Peter can also argue contributory negligence against both David for swerving and Kevin for running into the street. While David was not judged to be negligent for, I don't think his claim for damages to his car will survive. Peter's claim of contributory negligence against David is valid since David had a duty to look before changing lanes. Although the emergency doctrine relieves David of liability, it does not confer liability on Peter. David, or his insurance company, will probably have to pay damages on David's car.

Kevin will be judged by the standard of what a reasonable and prudent nine year old would do when playing games in his own neighborhood. The neighborhood represents safety in Kevin's mind, thus an exuberant pre-teen might feel safe enough to run in the street. Even so, most kids are taught at an early age to look both ways before crossing the street. I think it is likely that Kevin, or his parents, will bear some responsibility for Kevin's injuries since he did not belong in the street.

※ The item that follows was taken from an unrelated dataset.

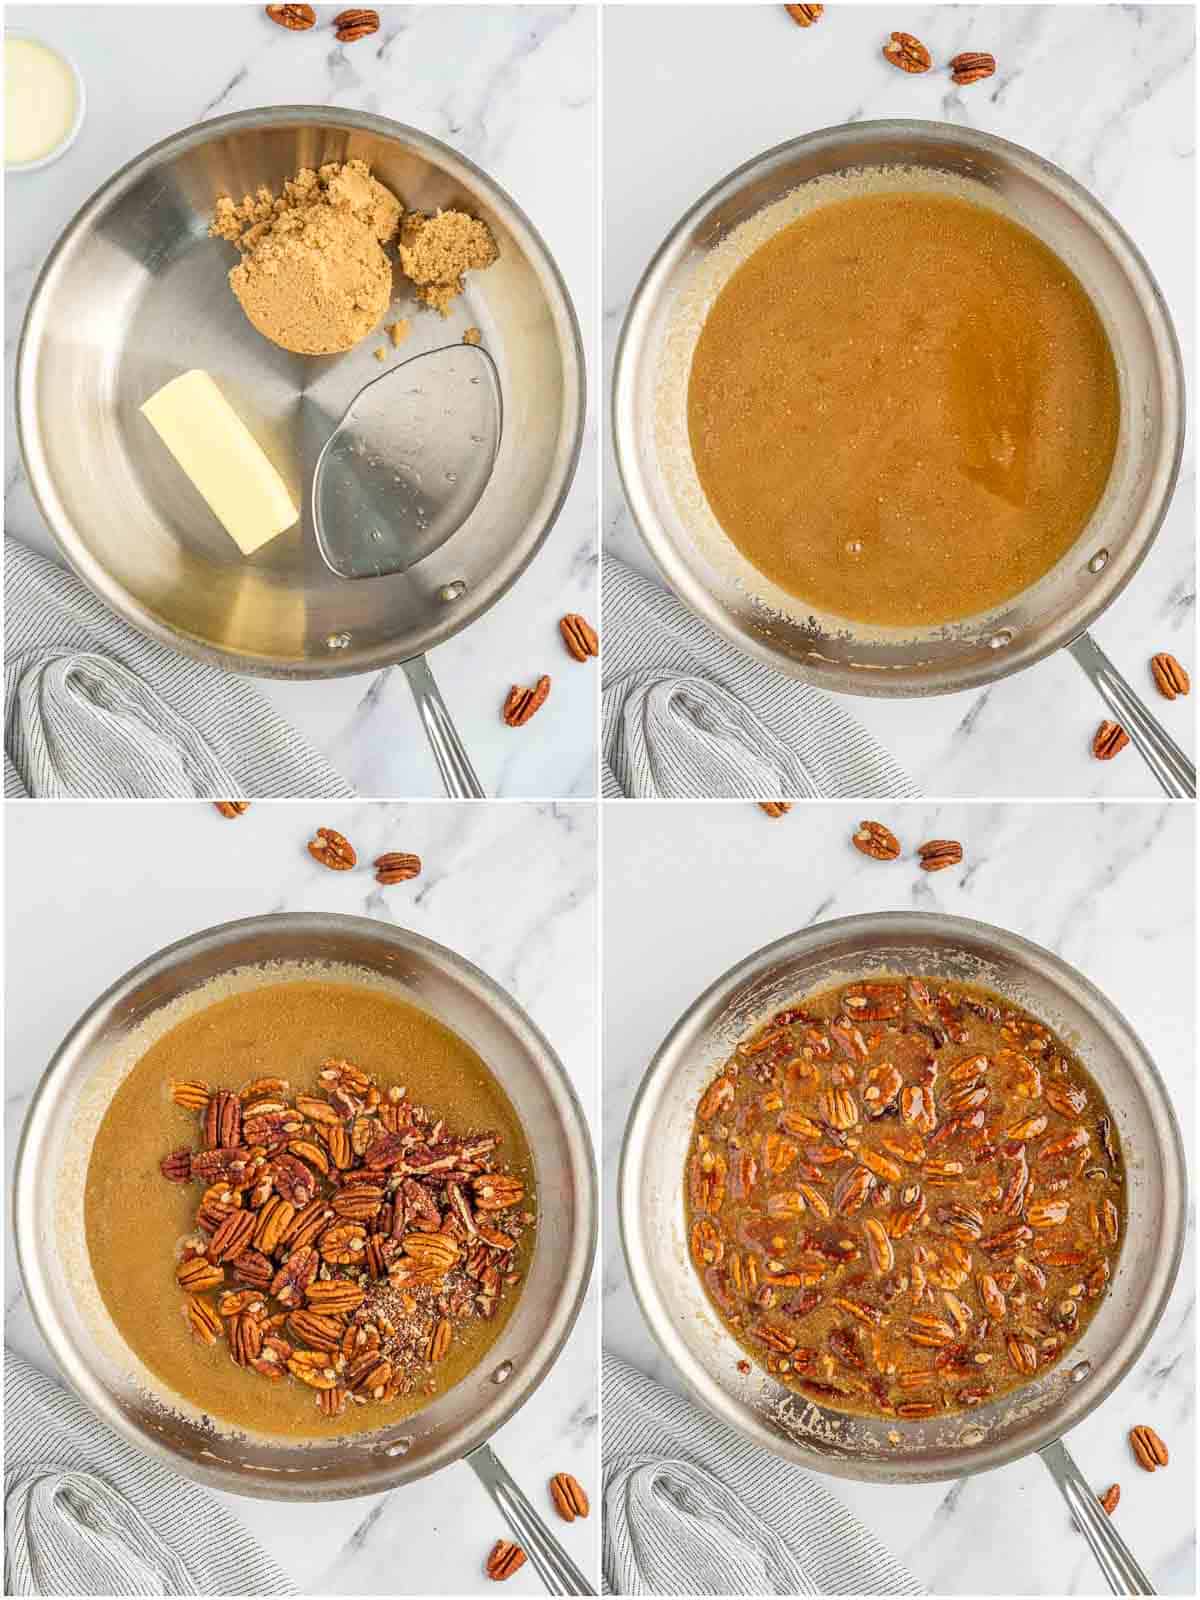 Process of how to make the pecan topping for cheesecake.

Peter's strongest defense against Kevin's claim is to argue - as David did above - that the injuries arising form the telephone pole were not foreseeable and therefore the damage is too attenuated for Peter to be held liable. Here, it is less clear. The casual connection is closer than it was with David. I think that it is foreseeable that when someone is speeding they might lose control and damage would result from that loss of control. While the pole snapping was not foreseeable, the risk of some type of harm coming about was foreseeable. It is not necessary to show that a specific harm was foreseeable as it is that some harm was foreseeable. I think Peter will be liable for some measure of Kevin's damages.

Kevin v. TeleCo

Although it may not have been foreseeable for this accident to happen, I think that TeleCo is probably liable to Kevin for damages. Here, TeleCo was under a duty of reasonable care since it knew that its telephone poles would be placed along the sides of roads. It was foreseeable that a car might hit a pole with sufficient force as to knock the pole down. Since the poles are commonly placed in neighborhoods, it is reasonable to conclude that a pole might fall on someone.

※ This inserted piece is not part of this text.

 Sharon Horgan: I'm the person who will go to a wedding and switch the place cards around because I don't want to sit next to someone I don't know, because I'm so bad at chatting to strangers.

Despite its duty to protect against potential harm, TeleCo did not do any testing to determine the danger involved in falling poles. Furthermore, it did nothing to mitigate the danger by seeking to reinforce the pole with metal strips, to sink poles deeper in the ground or buy a harder type of wood. The only factor that TeleCo thought was relevant was keeping its costs down. Consequently, I think that TeleCo's failure to seek alternatives was a breach of its duty of care.

Under a causation analysis, the breach was both a direct and proximate cause of Kevin's injuries. But-for TeleCo's breach, Kevin's injuries would not have occurred. Furthermore, it is foreseeable in a car accident where a pole falls, that an innocent bystander will get hurt. Since Kevin has shown damages, I think that TeleCo will probably be found negligent and liable for damages.